Previous literature has proposed a predisposition within families to the development of spinal cord tumors (specifically ependymomas), but it has failed to verify this association with a large population-based study. This analysis of the Utah population supports a heritable predisposition to the development of these tumors, proving an excess relatedness of tumors, significantly higher relative risks for distant relatives, and the existence of pedigrees with a significant excess of spinal cord cancers in the Utah genealogical database.

To our knowledge, this is the first population-based study to evaluate the genetic influence on the development of spinal cord tumors. The methodology used in this endeavor has been previously validated and used to show a familial predisposition to asthma, ¹⁰ cancer, ¹⁷ and rotator cuff disease, ⁹ among many other disorders. This genealogical approach of identifying high-risk Utah pedigrees has led to the discovery of predisposition genes associated with a disease process (eg, the BRCA1 breast cancer predisposition gene). ¹ This study confirms earlier suggestions of a genetic predisposition for spinal cord tumors and should stimulate further study into the possible reasons for the reported heritable predisposition for spinal cord tumors. Furthermore, this study identified several Utah pedigrees with a very high risk for tumor formation that will be used as a resource to test candidate genes in the future. Although the relative risk of spinal cord tumors was shown to be be elevated in near relatives, the absolute risk of spinal cord tumor formation remains very low even in high-risk populations. Until this genetic influence is more thoroughly understood and better screening tools are developed, screening of asymptomatic relatives with spinal cord tumors cannot be recommended at this time.

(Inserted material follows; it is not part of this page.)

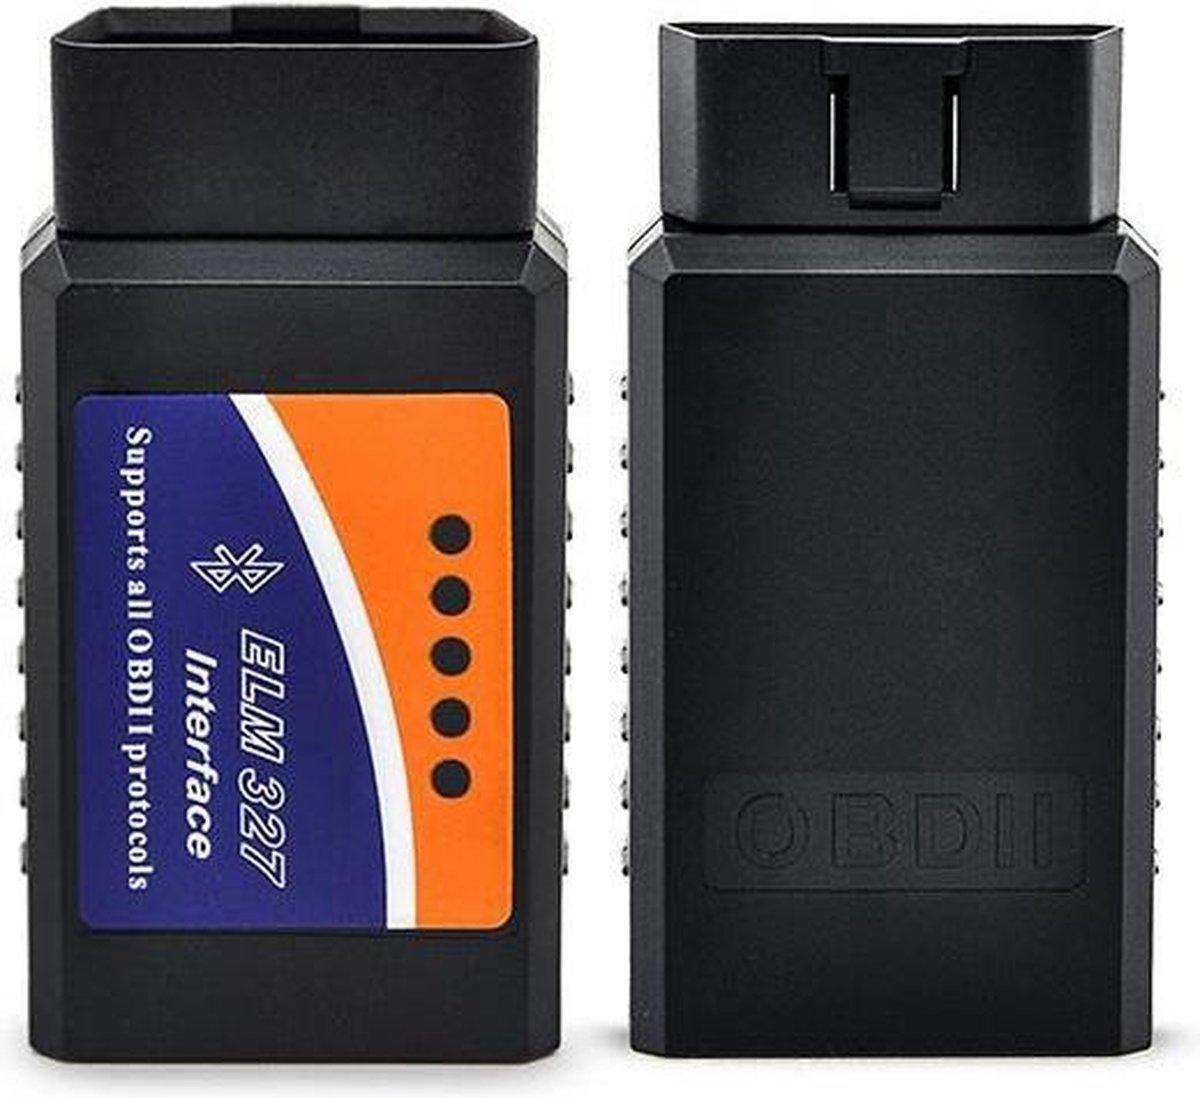 OBD2 scanner bluetooth   ELM327   OBDII   auto computer uitlezen   Car reader   Diagnose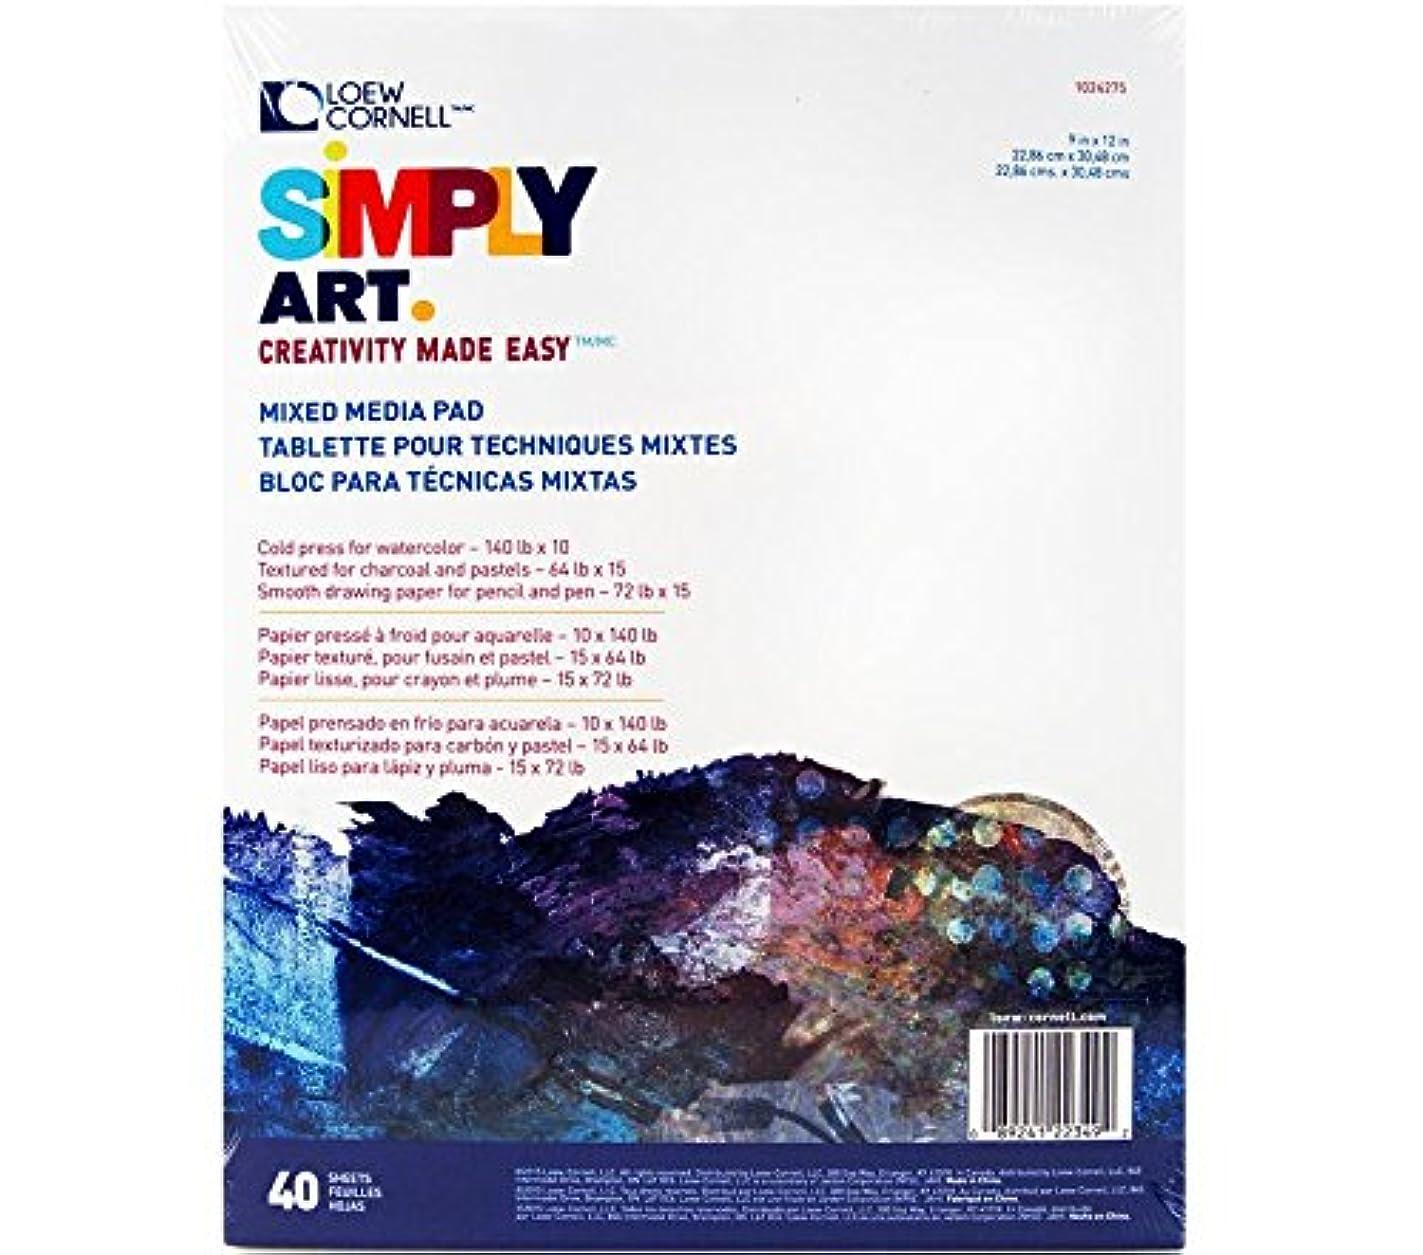 Loew-Cornell Simply Art Mixed Media Paper Pad rsh61849623

Although the methodology used in this study has been previously validated and provides this study with intrinsic validity, a number of limitations must be noted. Spinal cord cancer cases diagnosed before 1966 or outside Utah were not identified. Similarly, individuals who are not included in the UPDB genealogy data or whose data failed to link to a UCR record would be censored. This censoring should not affect the overall results since it should occur across the data uniformly to both cases and controls. It may, however, limit our ability to identify genetic factor affecting our results by lowering the power of the study. The Utah population has been previously studied for its genetic diversity and it is similar genetically to Northern European and US populations. ¹⁴ The results we observed in this population should apply to patients throughout North America and Northern Europe but confirmatory studies should certainly be attempted.

In conclusion, the development of spinal cord tumors likely has a multifactorial etiology that includes contributions from environmental exposures and genetics. Our research supports a genetic basis to spinal cord tumor development and has identified high-risk pedigrees that can be further evaluated to help identify the responsible genes. By identifying the specific genetic products responsible for tumor development, we hope to gain insight into potential biologic agents to treat or prevent these cancers.